» DATASET SECTION
========
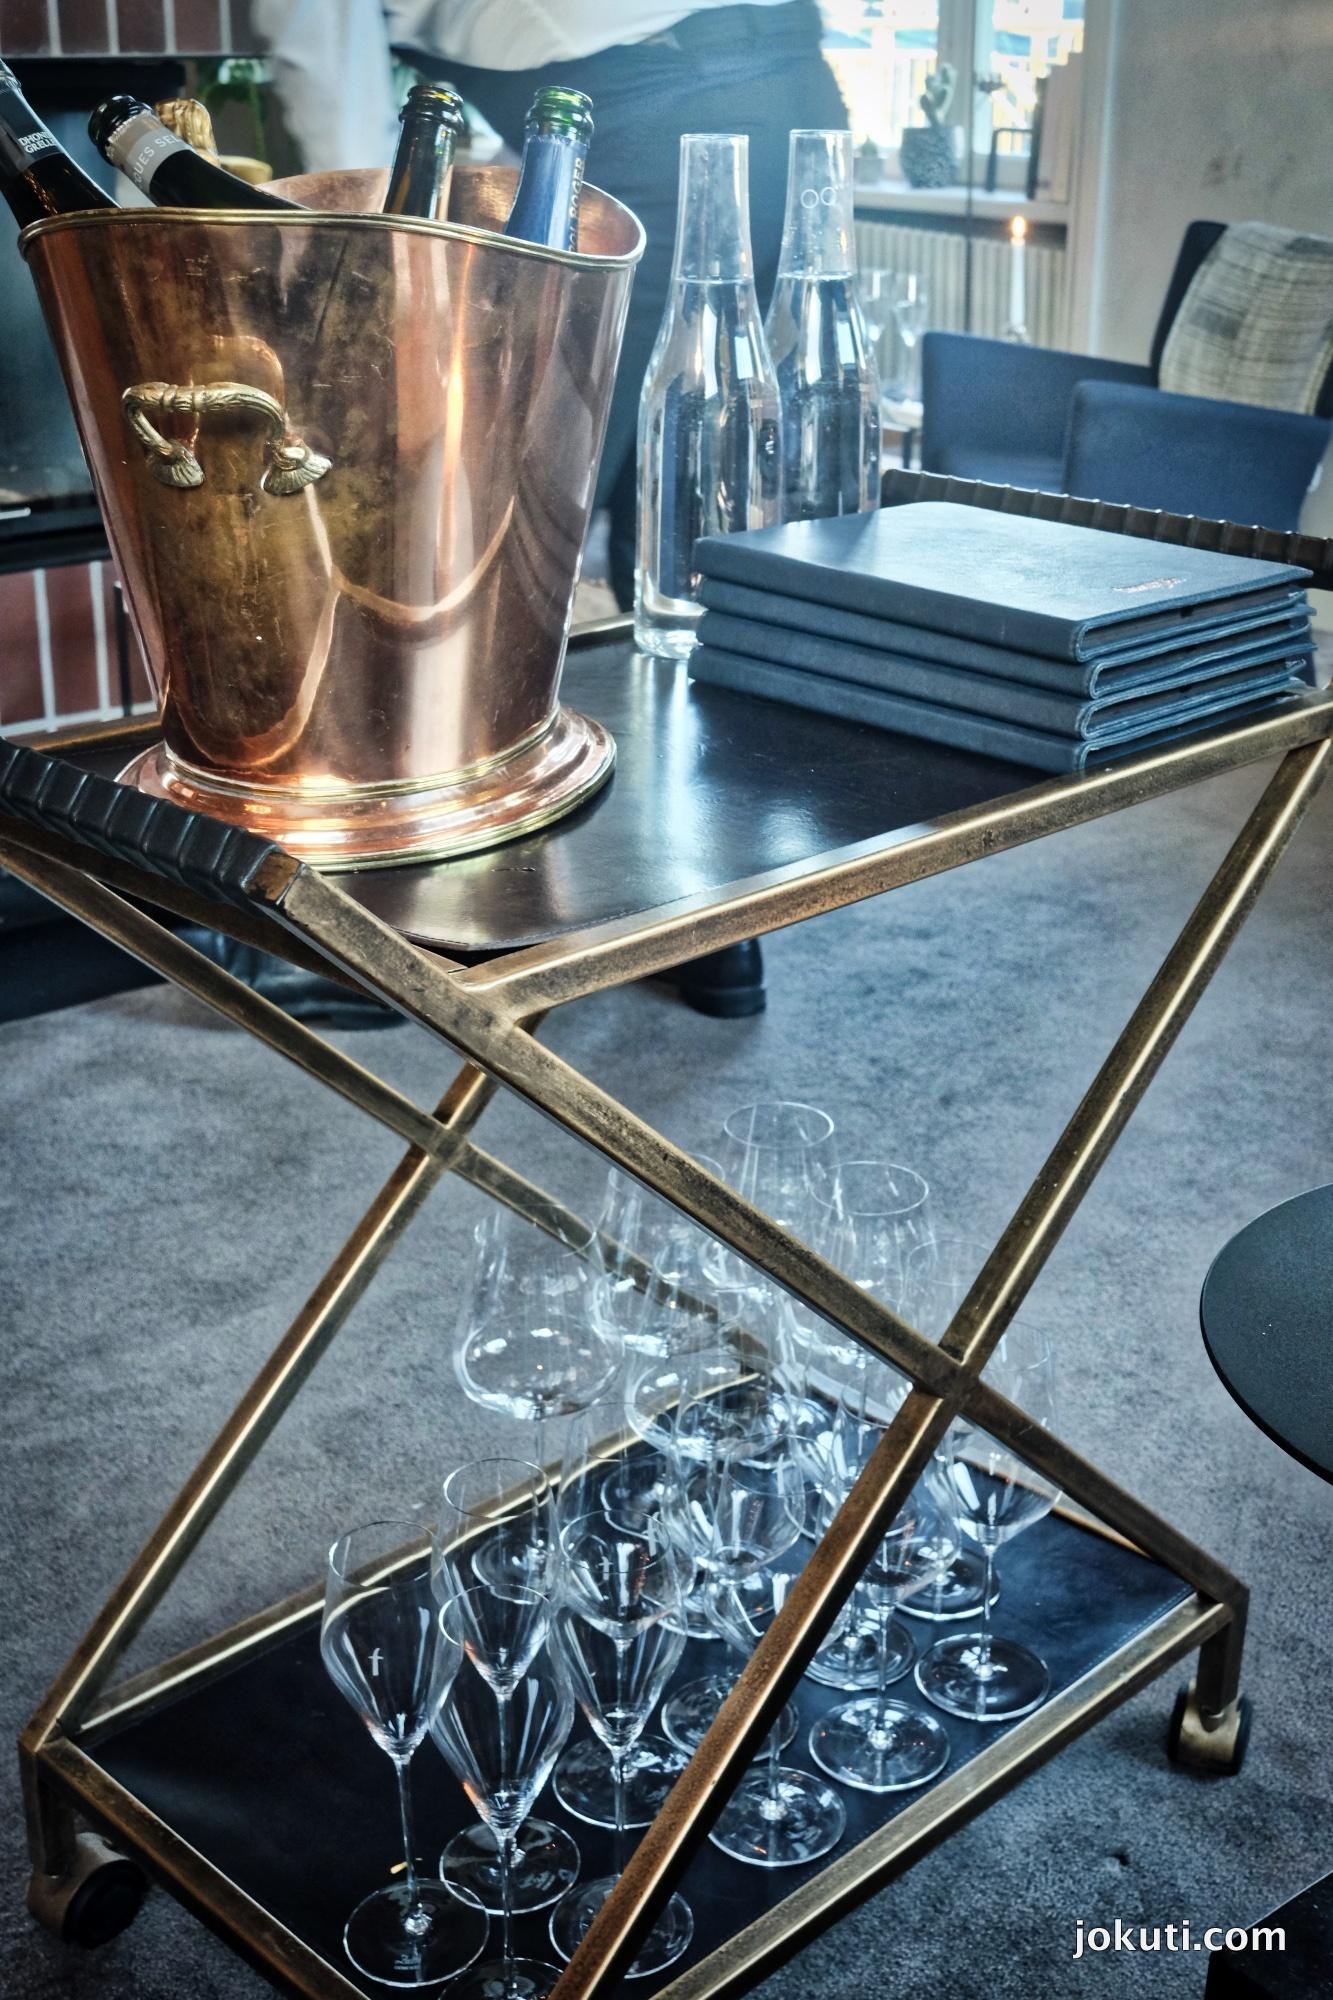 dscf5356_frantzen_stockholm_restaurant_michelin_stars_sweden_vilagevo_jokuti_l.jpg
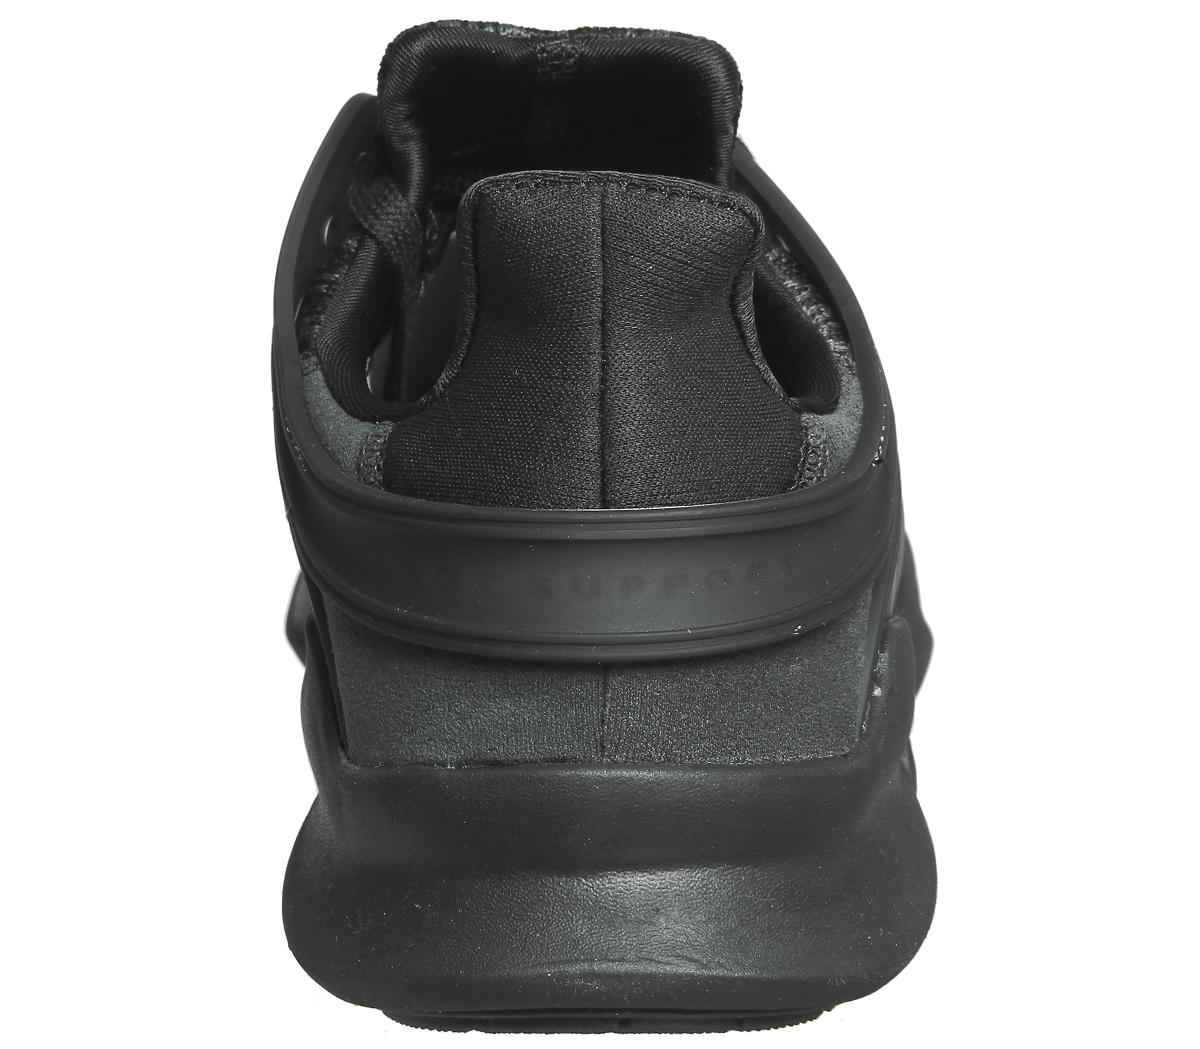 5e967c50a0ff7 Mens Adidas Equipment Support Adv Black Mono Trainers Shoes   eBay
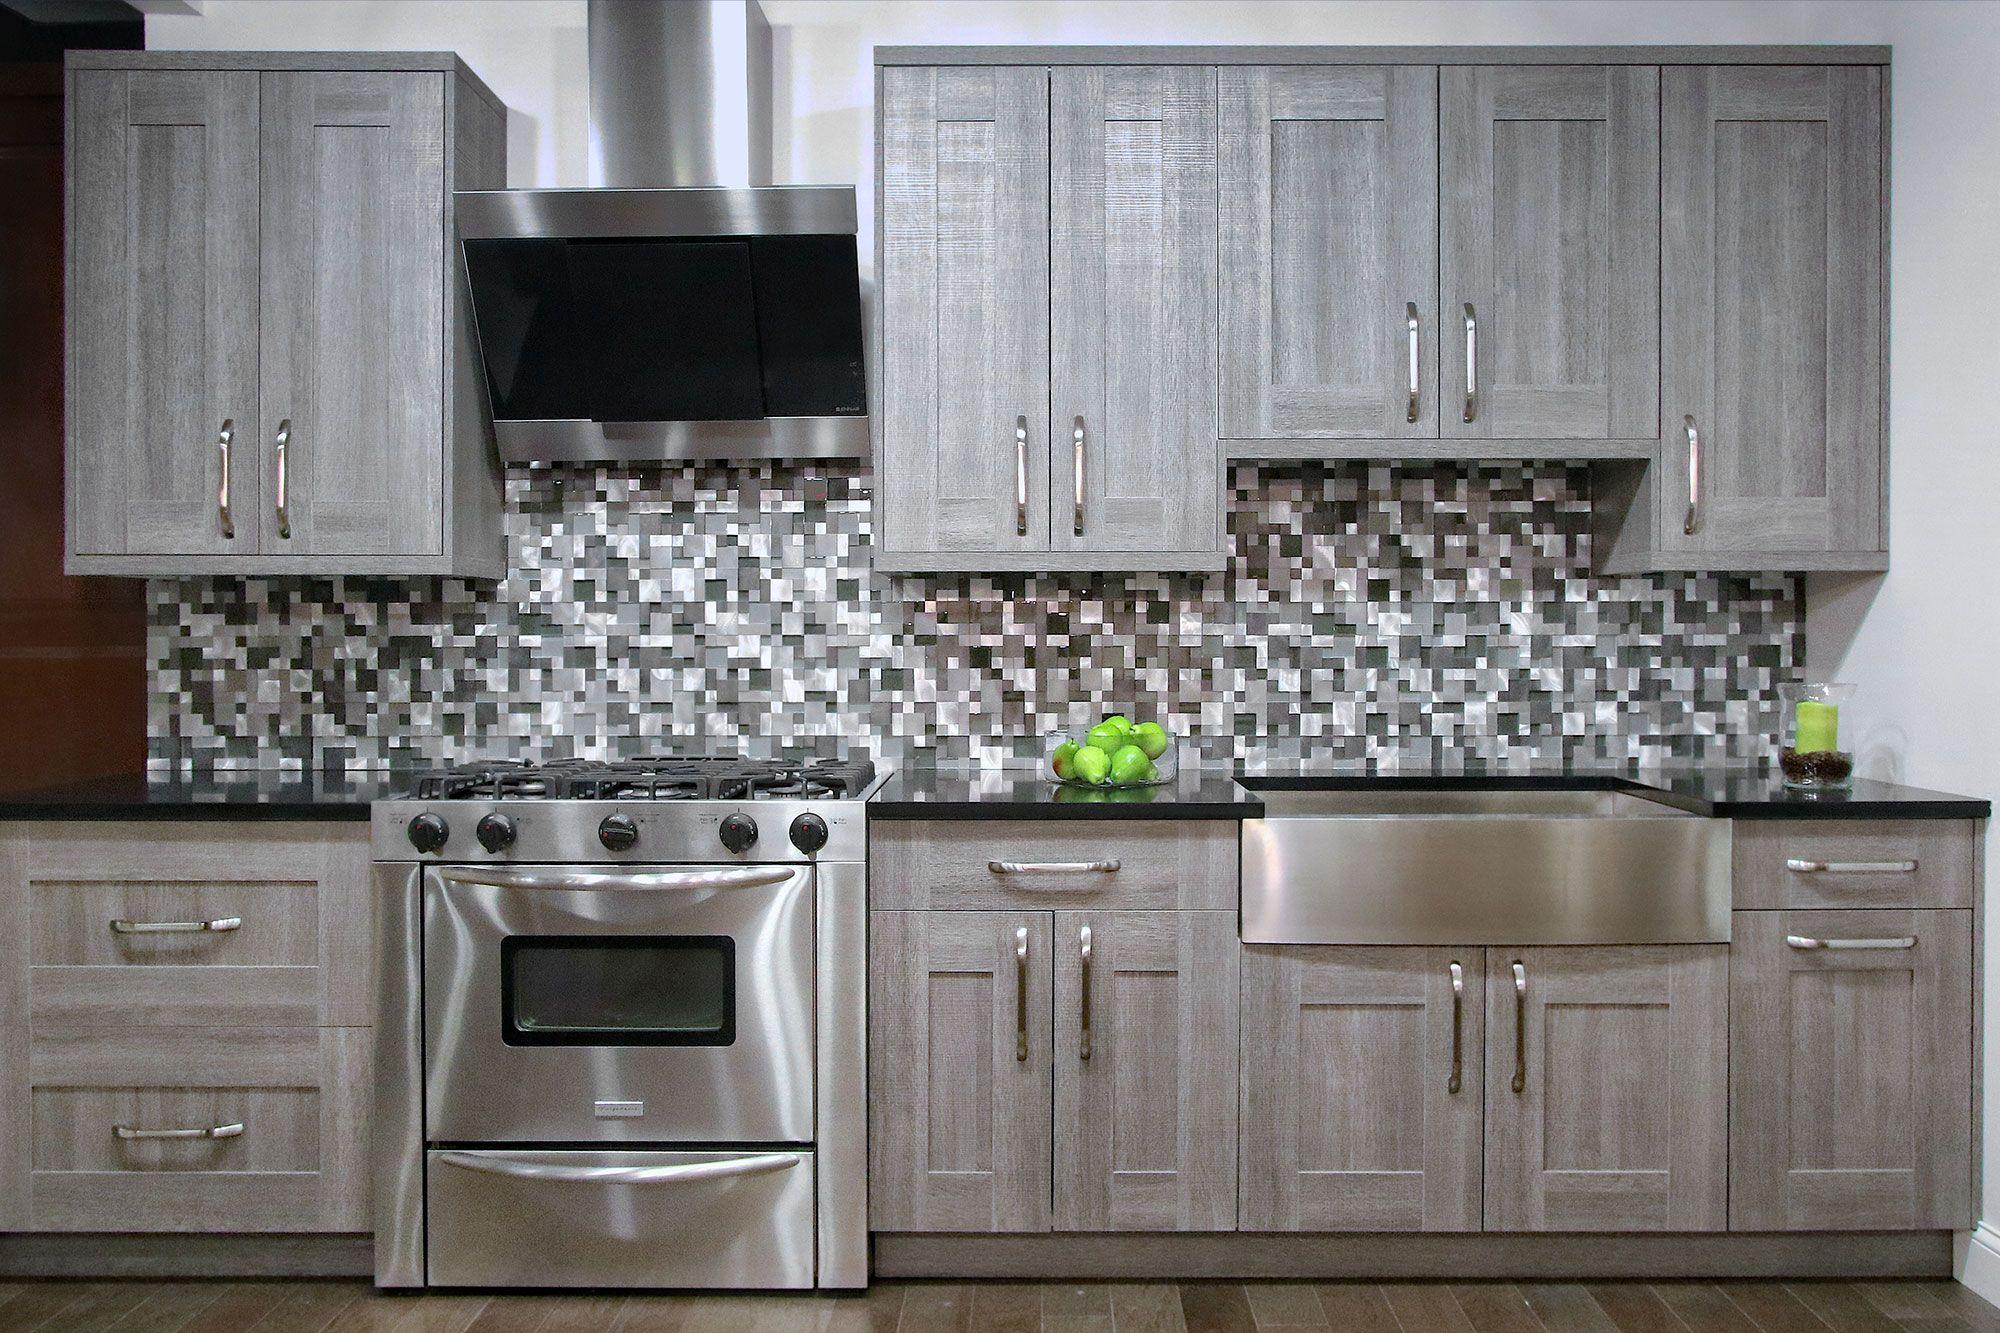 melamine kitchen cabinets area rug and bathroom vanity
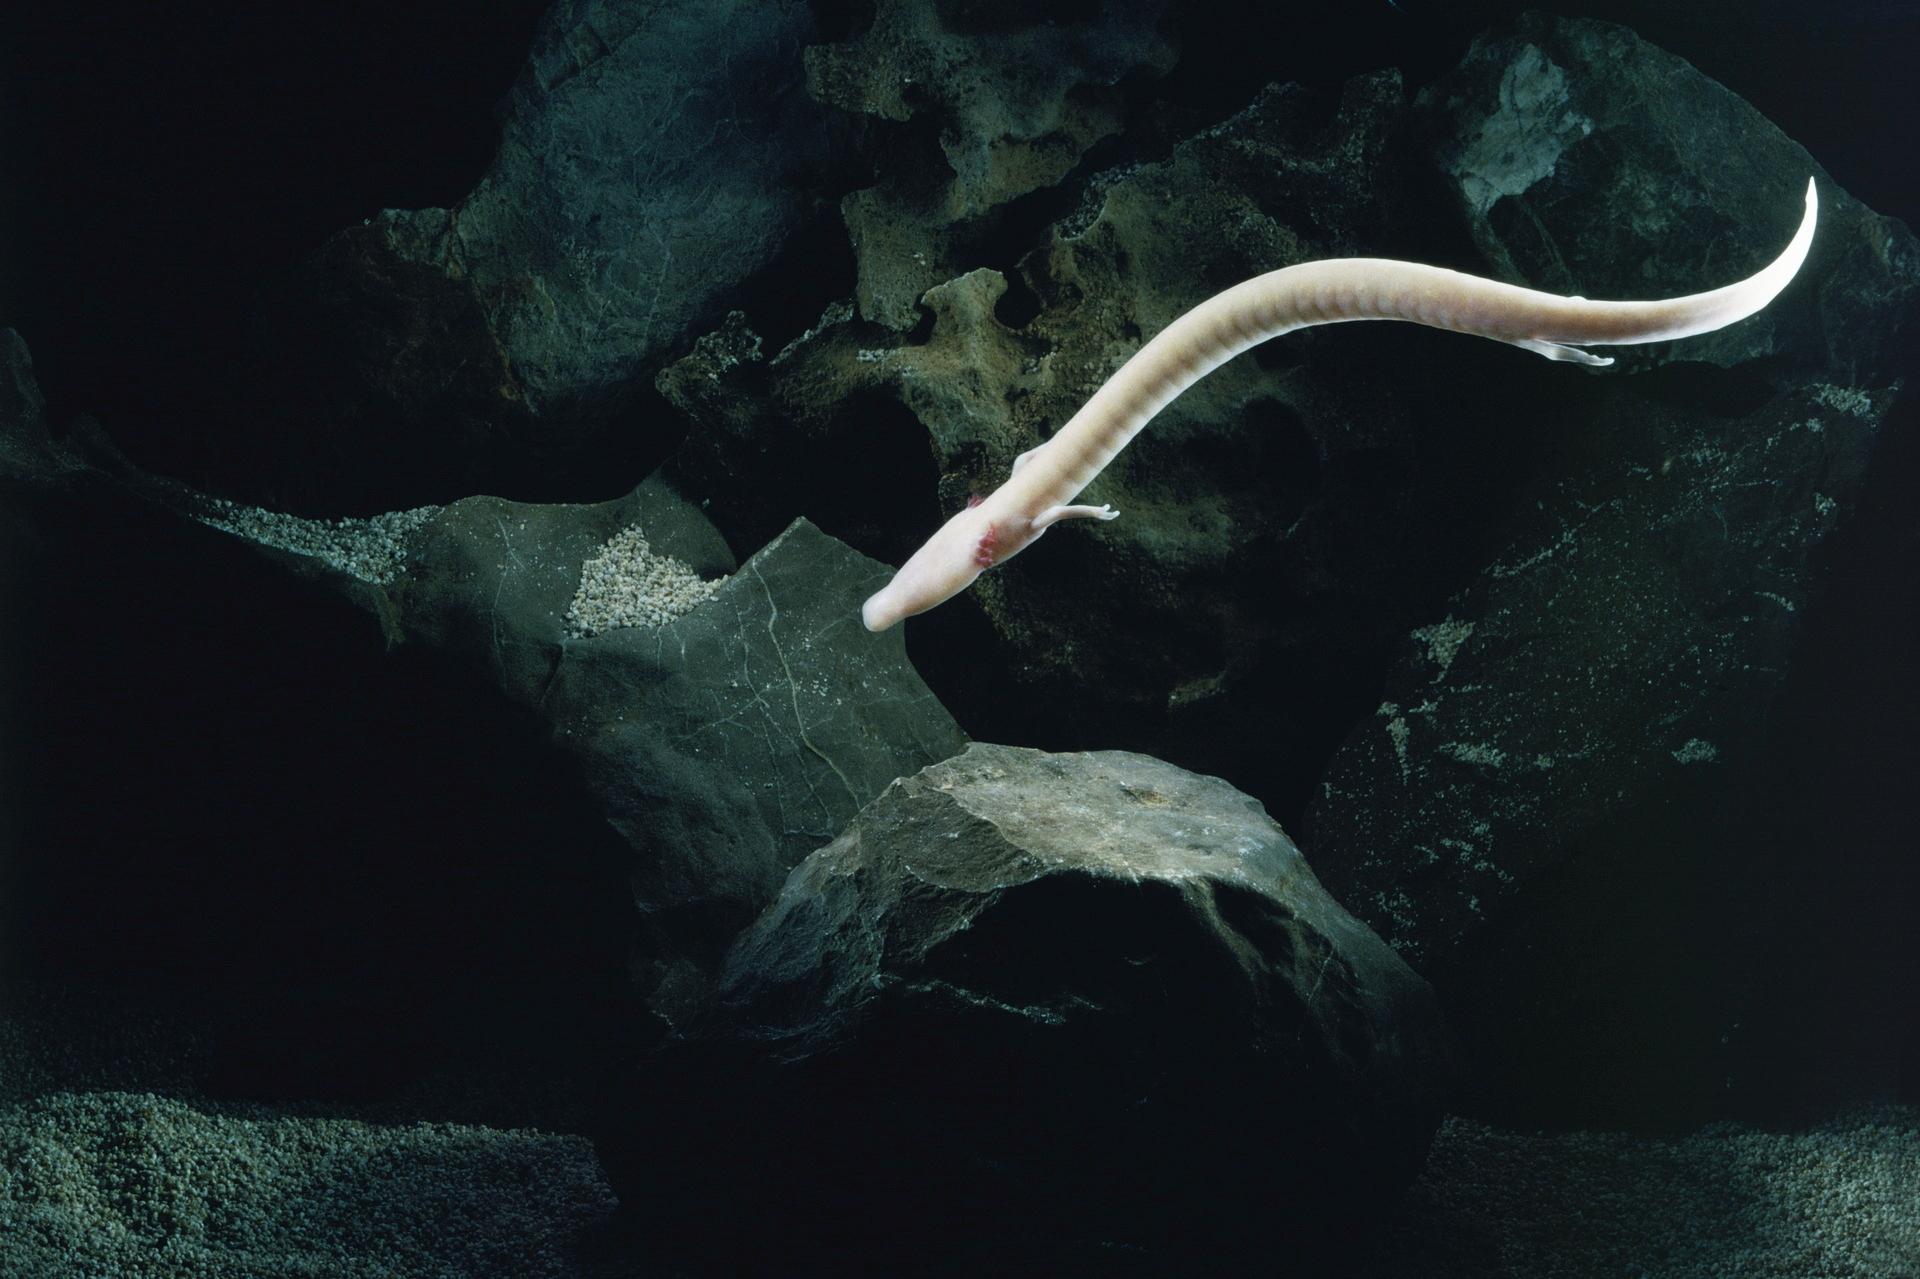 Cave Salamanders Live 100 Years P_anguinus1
========
» TASK TO CARRY OUT
Please retype the whole listing above word for word and drop the pictures.

» SOLVED EXERCISE
 dscf5356_frantzen_stockholm_restaurant_michelin_stars_sweden_vilagevo_jokuti_l.jpg
 5e967c50a0ff7 Mens Adidas Equipment Support Adv Black Mono Trainers Shoes   eBay
 melamine kitchen cabinets area rug and bathroom vanity
 Cave Salamanders Live 100 Years P_anguinus1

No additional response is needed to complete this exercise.